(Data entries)

----

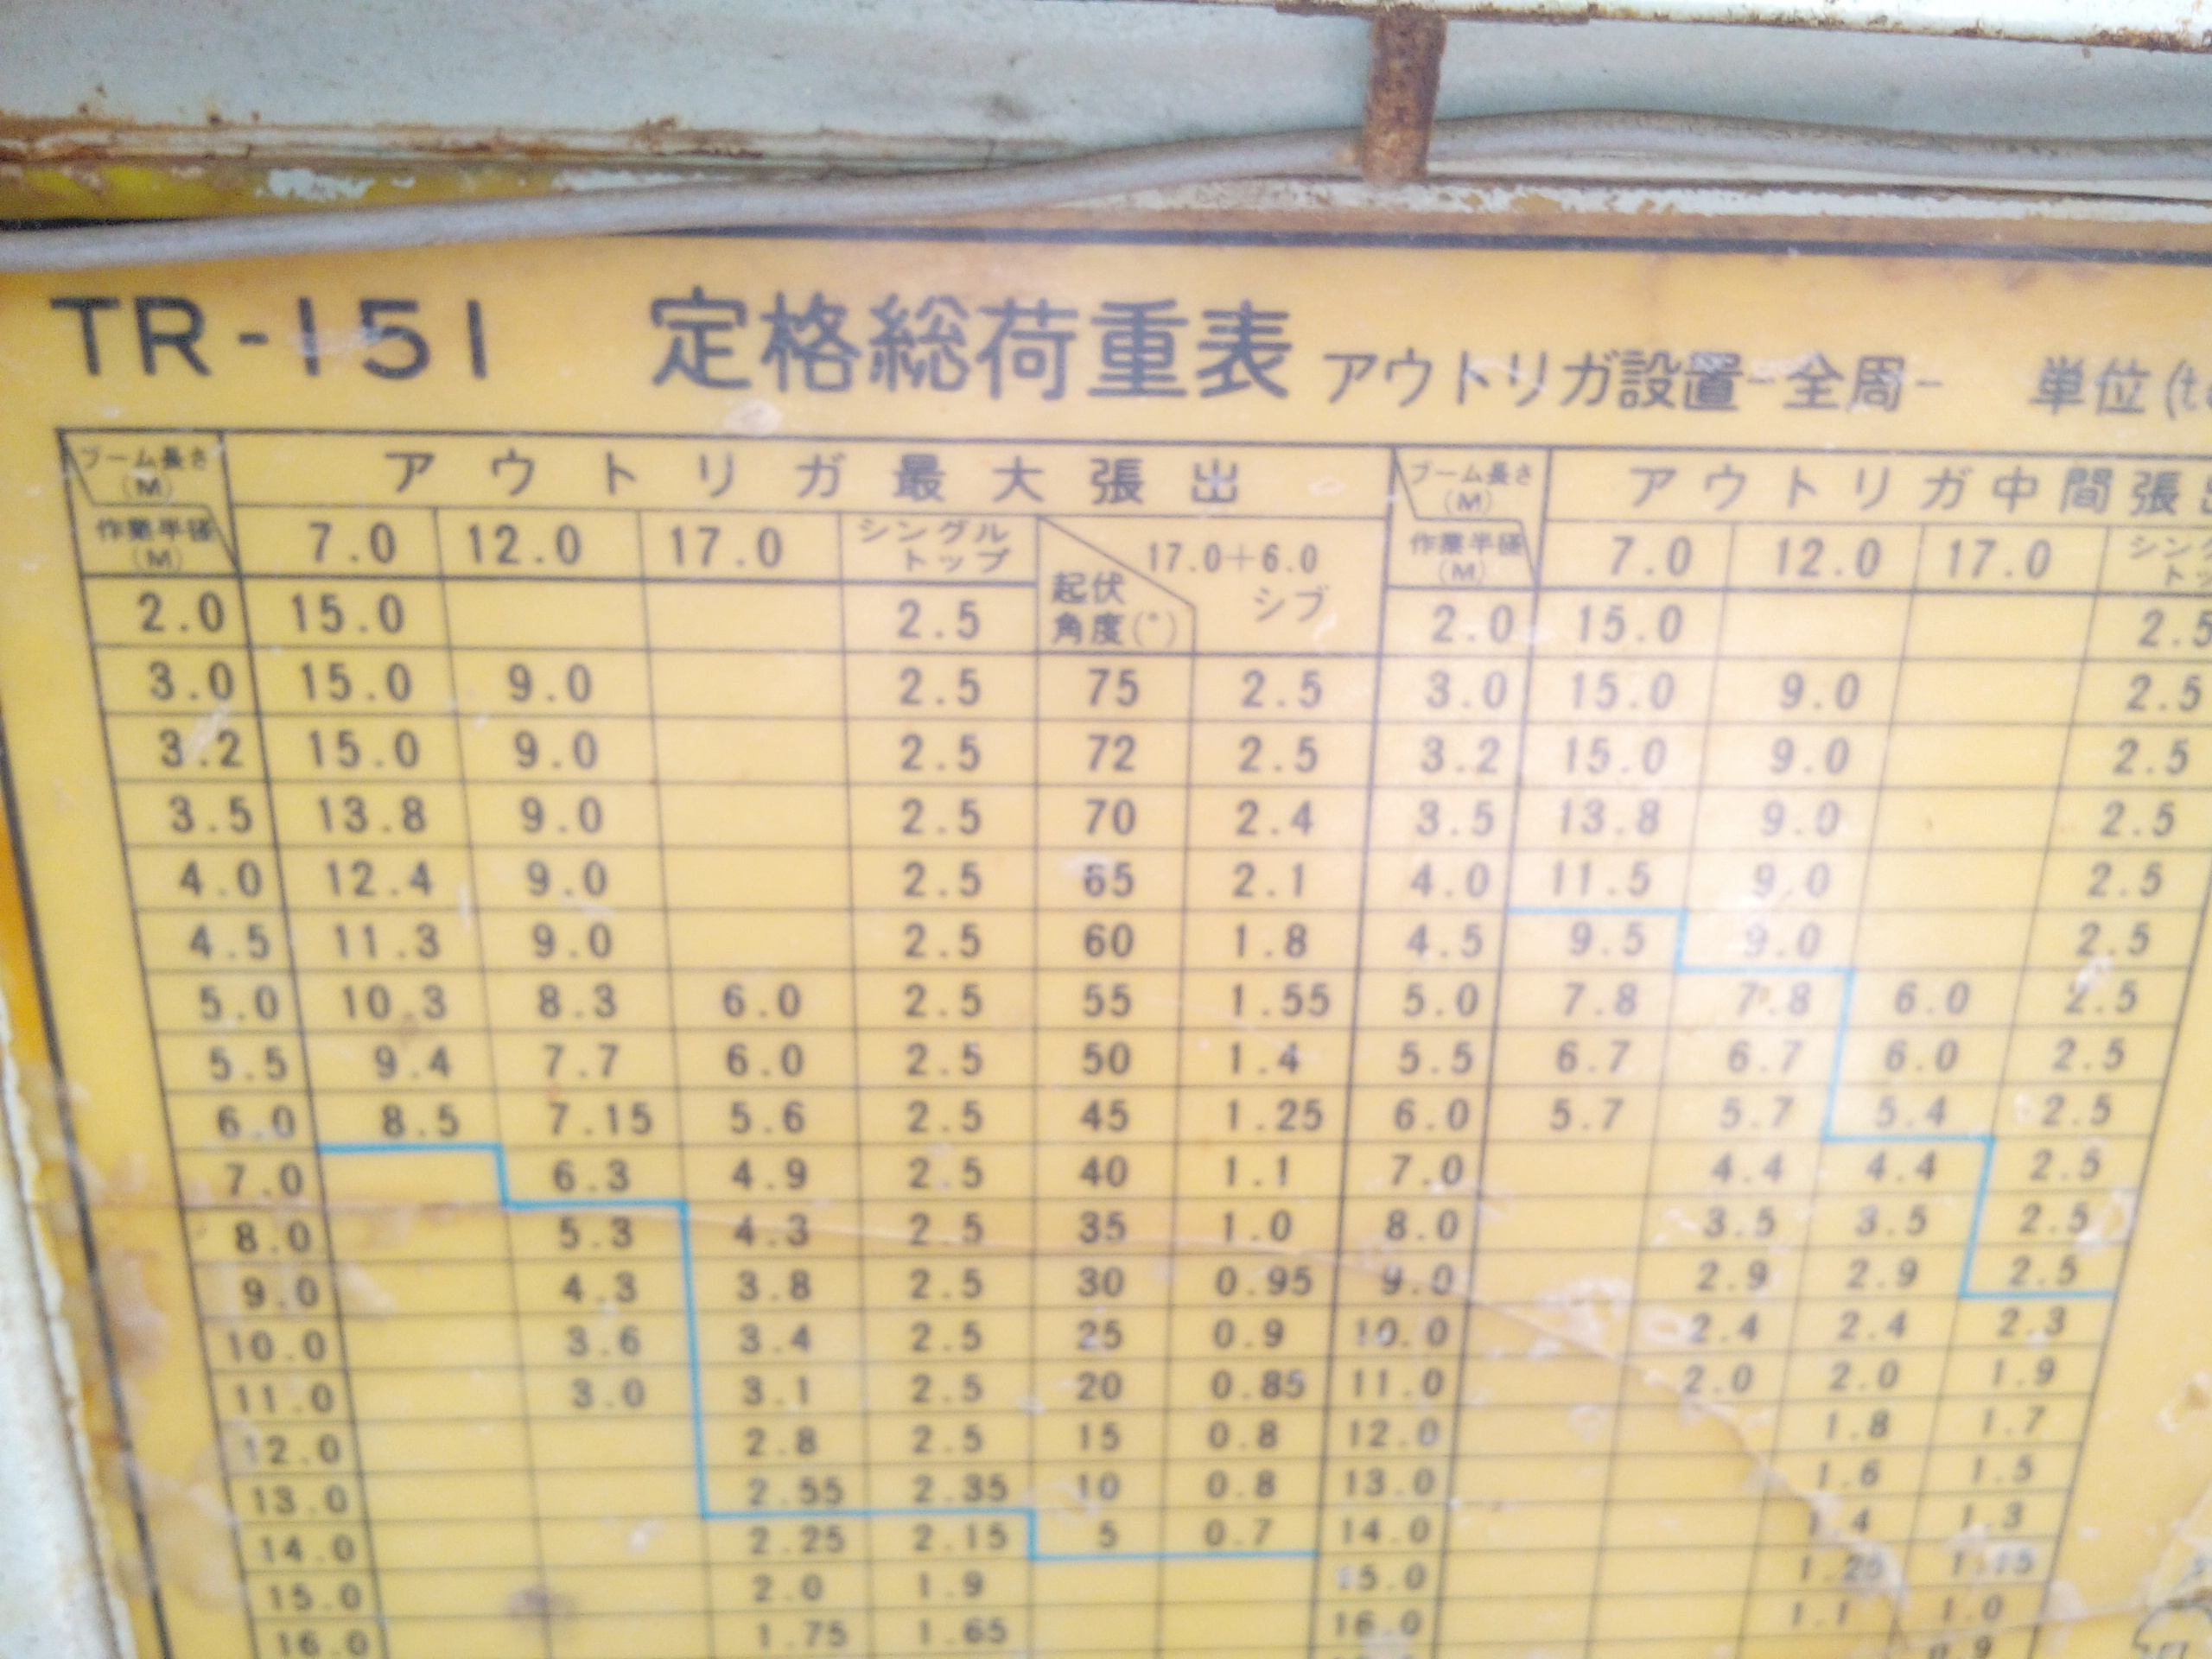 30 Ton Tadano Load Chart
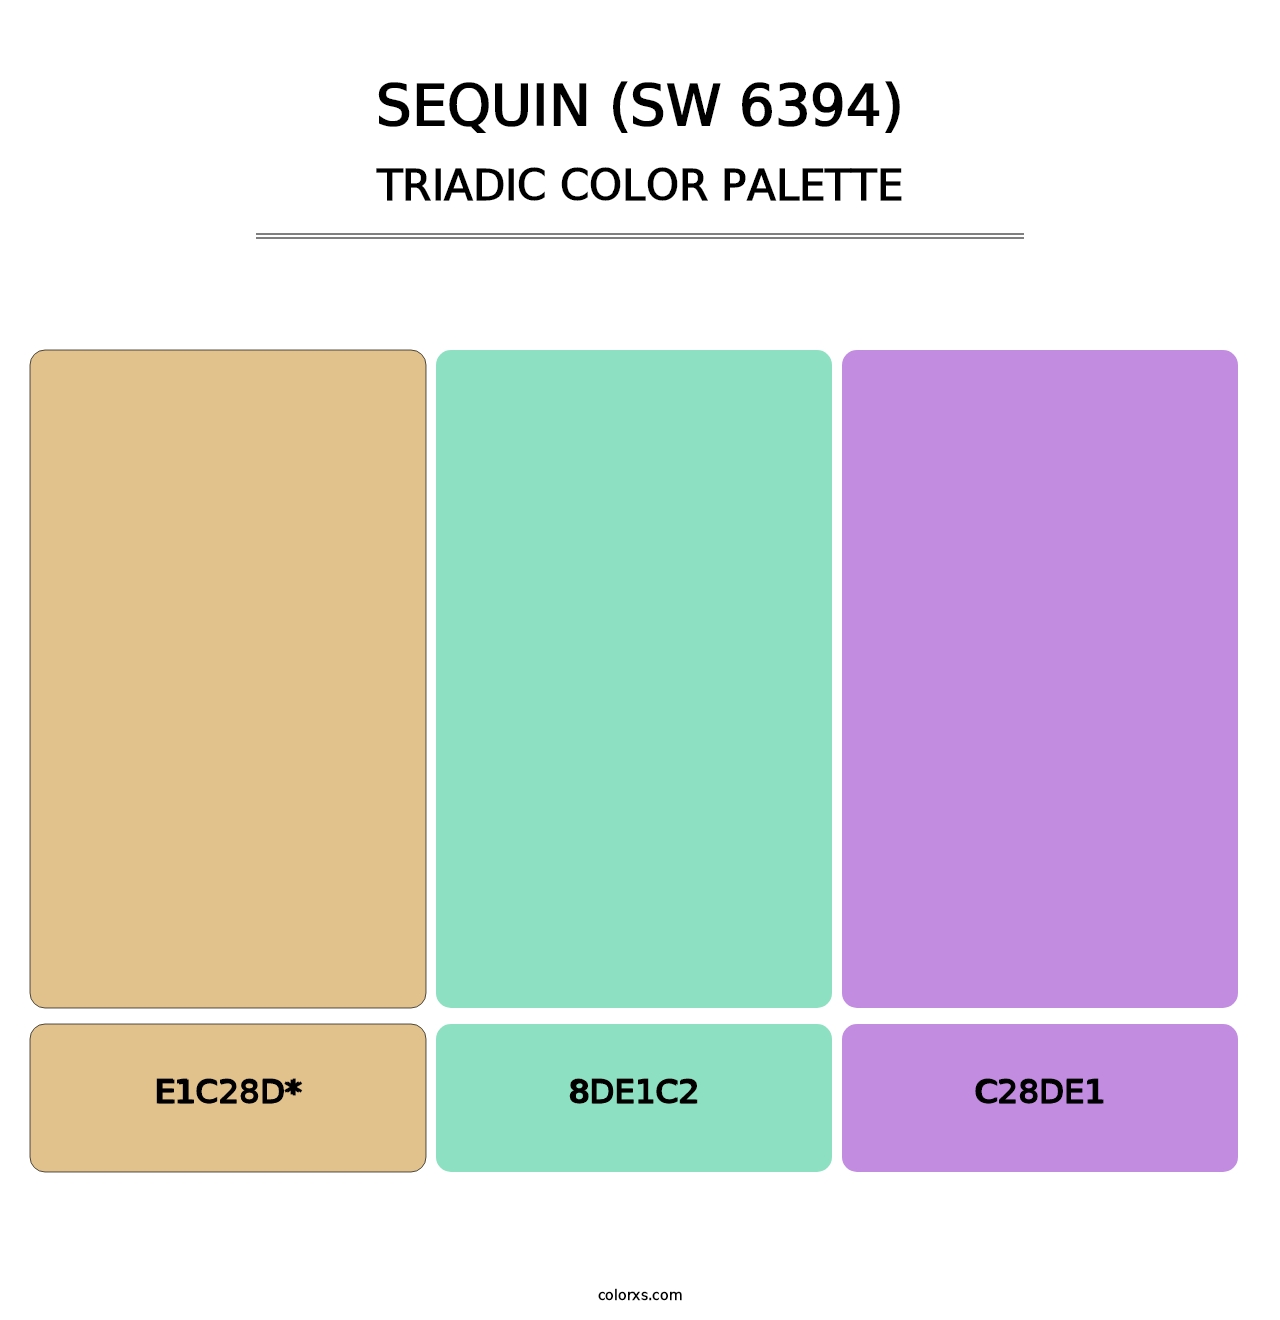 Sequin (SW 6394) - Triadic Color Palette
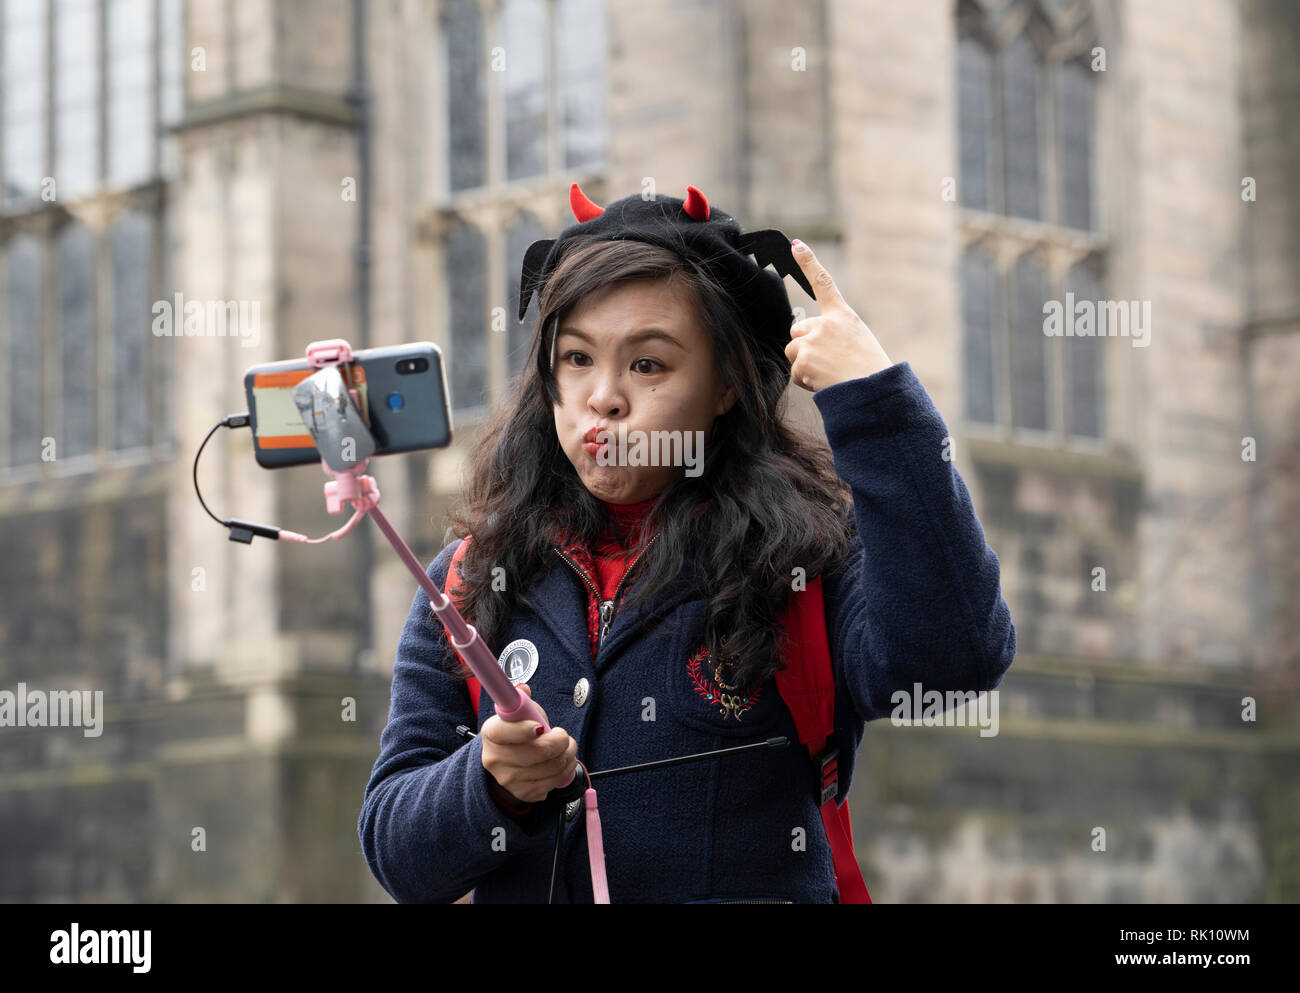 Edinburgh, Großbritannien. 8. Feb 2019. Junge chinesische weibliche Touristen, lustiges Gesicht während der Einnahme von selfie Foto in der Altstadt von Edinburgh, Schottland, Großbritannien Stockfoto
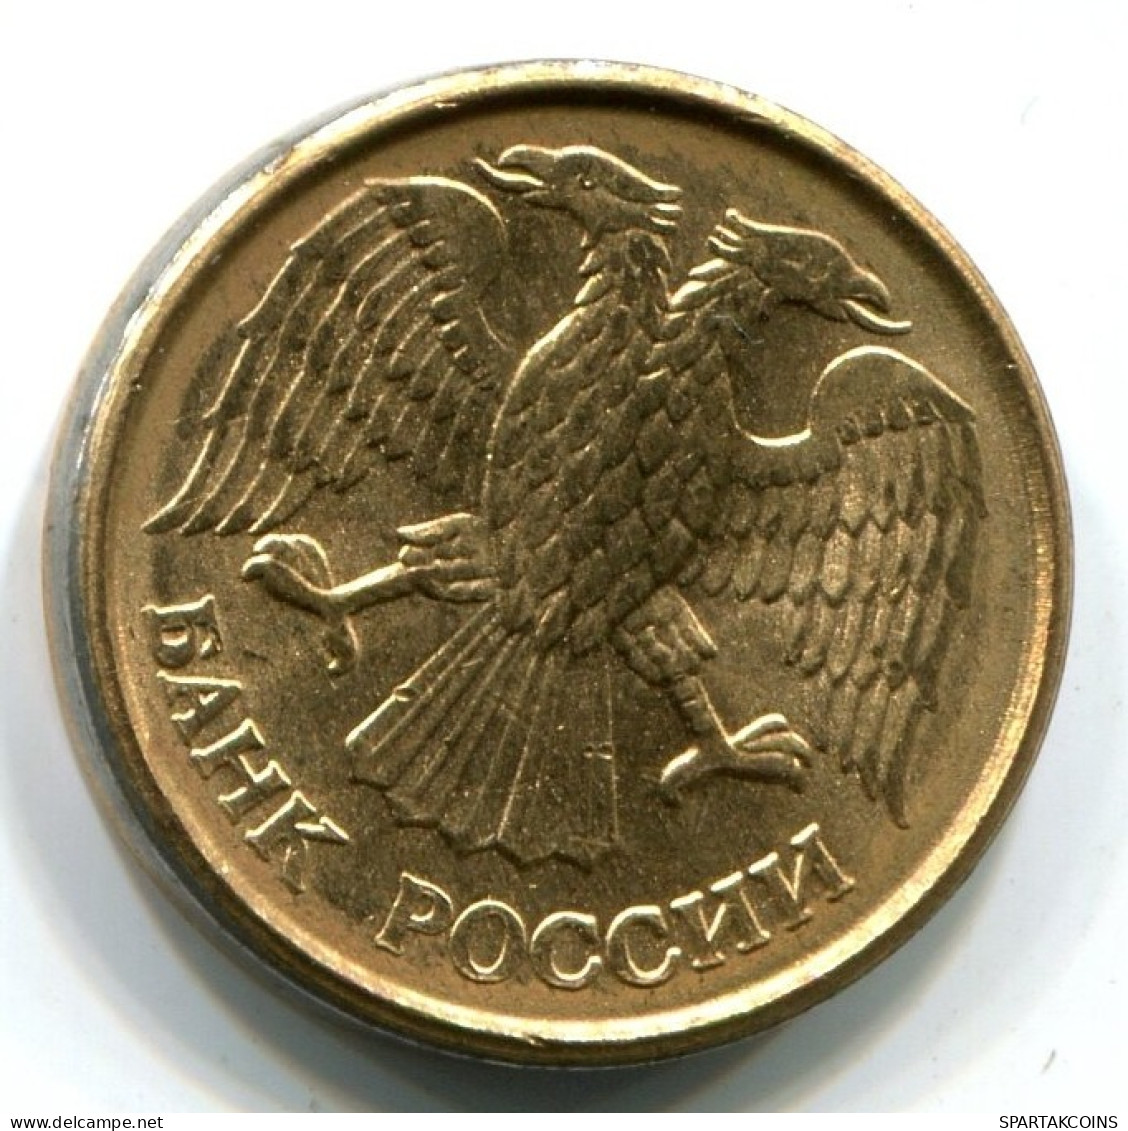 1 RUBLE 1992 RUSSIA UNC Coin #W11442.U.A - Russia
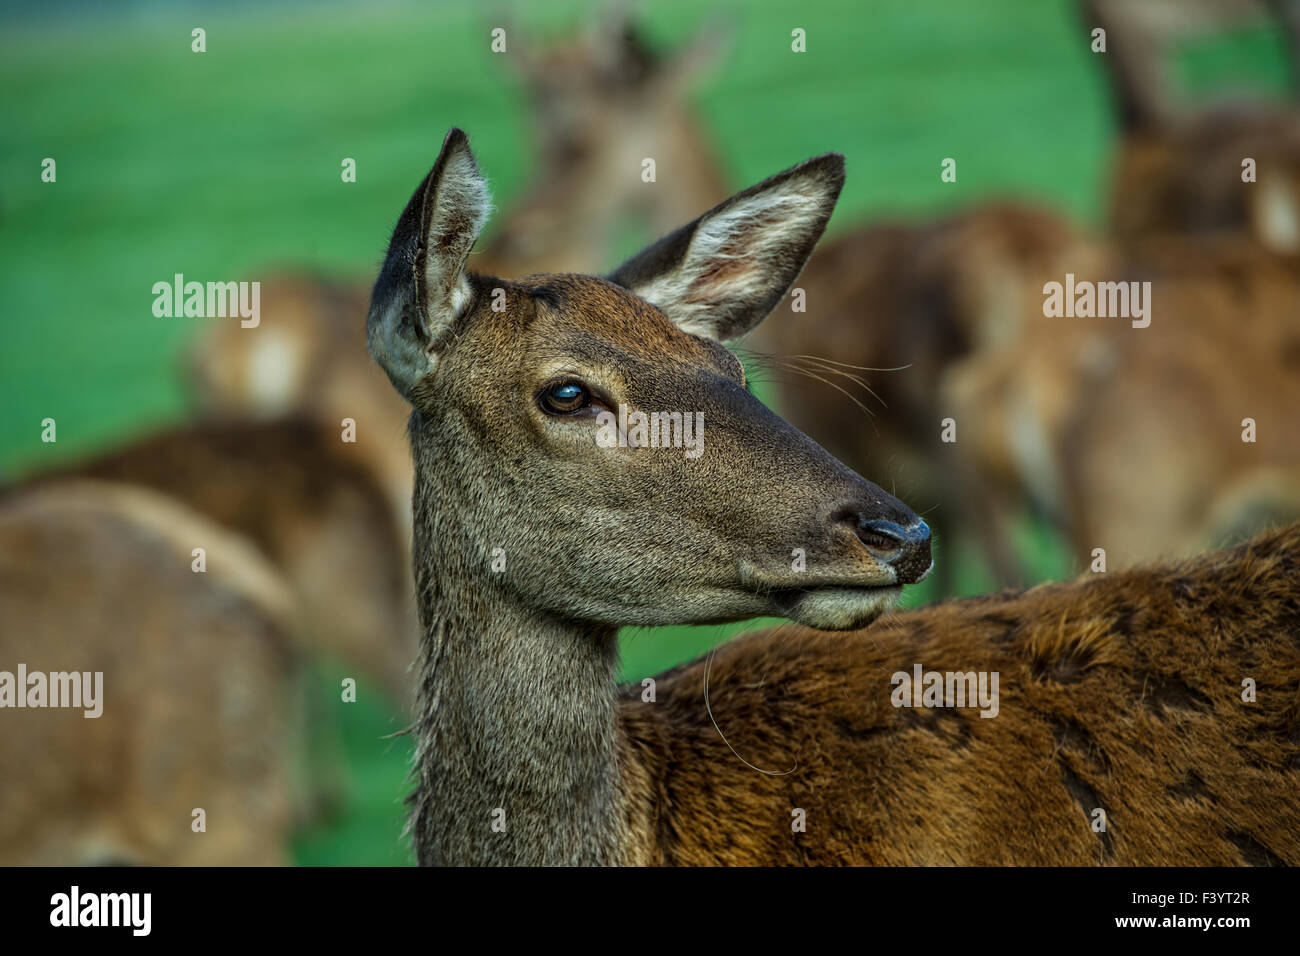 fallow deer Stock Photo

----

Problem statement → Give back the entries verbatim. Do not include any picture.

Task solution →
 30 Ton Tadano Load Chart
 Sequin (SW 6394) - Triadic Color Palette
 Edinburgh, Großbritannien. 8. Feb 2019. Junge chinesische weibliche Touristen, lustiges Gesicht während der Einnahme von selfie Foto in der Altstadt von Edinburgh, Schottland, Großbritannien Stockfoto
 1 RUBLE 1992 RUSSIA UNC Coin #W11442.U.A - Russia
 fallow deer Stock Photo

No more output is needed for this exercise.